A sentença julgou a denúncia procedente ao argumento de que o recorrente atribuiu à candidata a prática do crime de corrupção eleitoral, previsto no art. 299 do Código Eleitoral (fls. 120-122).

Em suas razões, sustenta que a condenação foi baseada em prova frágil, consistente no depoimento da suposta vítima, que é sua adversária política, e do filho da candidata. Afirma que sua manifestação se tratou de verdadeiro desabafo, e que não proferiu mentira alguma, pois teve o único objetivo de sugerir a renovação da chefia da administração municipal. Alega não ter imputado crime algum à candidata e pondera que a carga emocional envolvida em campanhas eleitorais torna comum que candidatos escutem dizeres desabonatórios. Requer a reforma da sentença, a fim de que seja absolvido, ou a conversão da pena privativa de liberdade em restritiva de direitos (fls. 132-136).

Com as contrarrazões pelo desprovimento do recurso (fls. 140-142), o feito foi remetido com vista à Procuradoria Regional Eleitoral, que opinou pelo provimento parcial do recurso, a fim de que seja realizada a desclassificação do tipo penal para o delito de difamação na propaganda eleitoral, previsto no art. 325 do Código Eleitoral, com a consequente redução da pena aplicada (fls. 146-148v.).

É o relatório.

 

VOTO

O recurso criminal é regular, tempestivo e comporta conhecimento.

Passo imediatamente ao julgamento do mérito, a iniciar pelos apontamentos realizados pela douta Procuradoria Regional Eleitoral, que vão a favor da tese recursal sustentada pelo recorrente no sentido de que o fato apurado não caracterizou calúnia na propaganda eleitoral, delito previsto no art. 324 do Código Eleitoral:

CALÚNIA NA PROPAGANDA ELEITORAL

Art. 324. Caluniar alguém, na propaganda eleitoral, ou visando fins de propaganda, imputando-lhe falsamente fato definido como crime:

Pena - detenção de seis meses a dois anos, e pagamento de 10 a 40 dias-multa.

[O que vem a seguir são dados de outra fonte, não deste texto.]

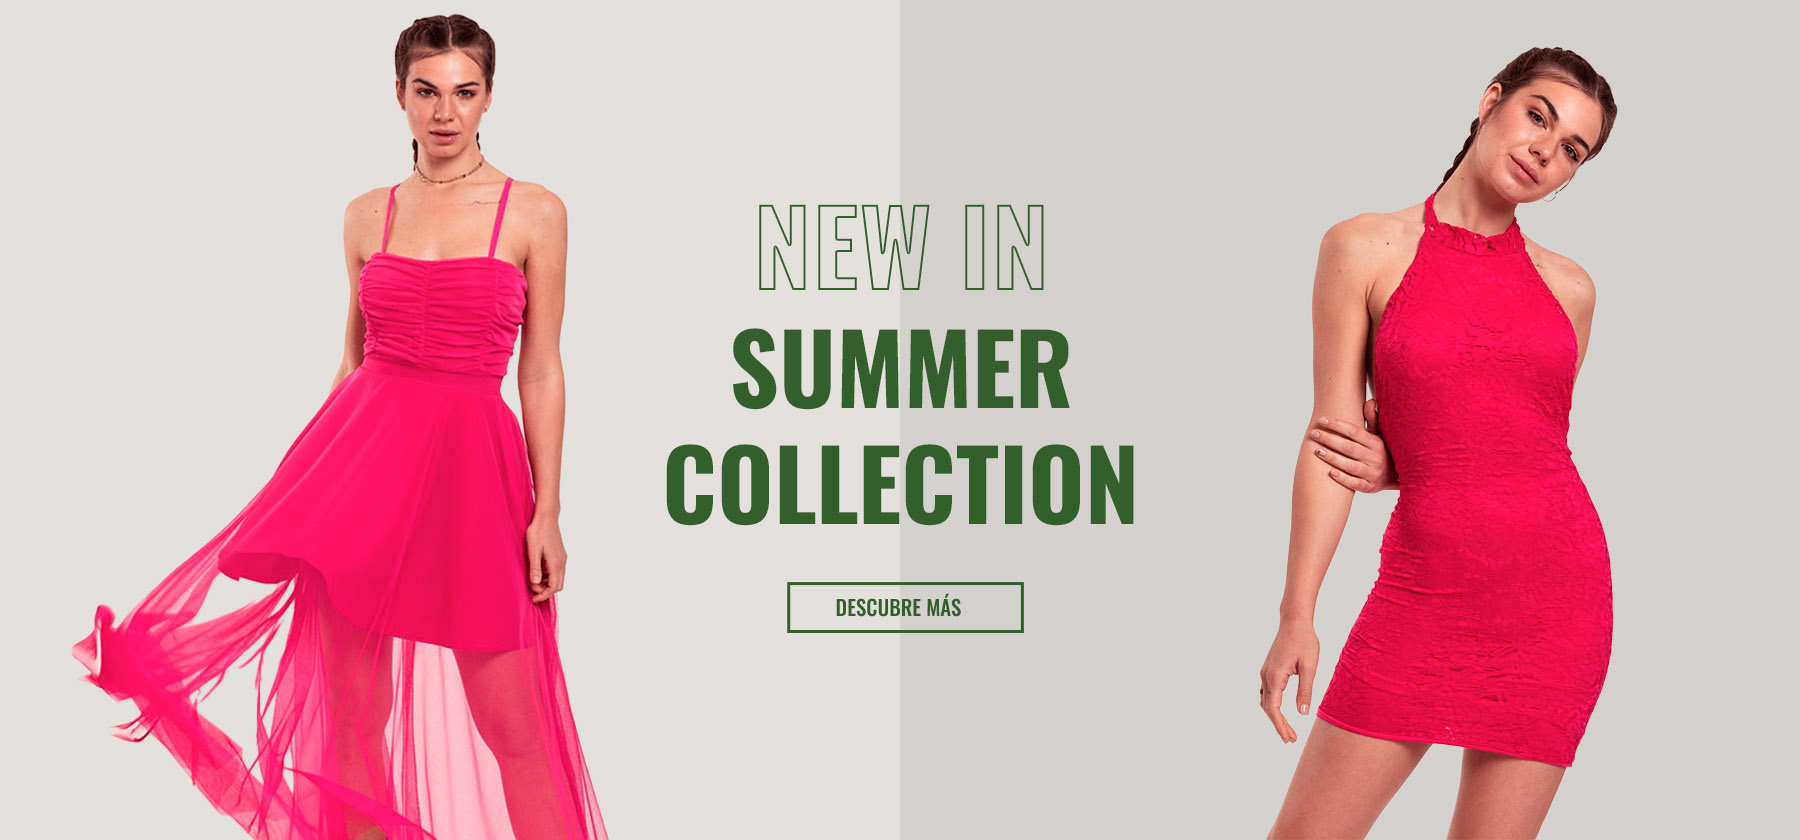 Summer Collection Equis Moda

§ 1° Nas mesmas penas incorre quem, sabendo falsa a imputação, a propala ou divulga.

§ 2º A prova da verdade do fato imputado exclui o crime, mas não é admitida:

I – se, constituindo o fato imputado crime de ação privada, o ofendido, não foi condenado por sentença irrecorrível;

II – se o fato é imputado ao Presidente da República ou chefe de governo estrangeiro;

III – se do crime imputado, embora de ação pública, o ofendido foi absolvido por sentença irrecorrível.

Cumpre transcrever o trecho do discurso (áudio na mídia colacionada na fl. 21v.) proferido em comício realizado em 29.9.2016 e o tipo penal atribuído à vítima pelo recorrente e considerado afirmado perante juízo a quo:

“(…) pra dar um basta no salário desta vice-prefeita, que é Secretária da Assistência Social, saiu somente para distribuir cestas básicas no município (...)”.

CORRUPÇÃO ELEITORAL

Art. 299. Dar, oferecer, prometer, solicitar ou receber, para si ou para outrem, dinheiro, dádiva, ou qualquer outra vantagem, para obter ou dar voto e para conseguir ou prometer abstenção, ainda que a oferta não seja aceita:

Pena - reclusão até quatro anos e pagamento de cinco a quinze dias-multa.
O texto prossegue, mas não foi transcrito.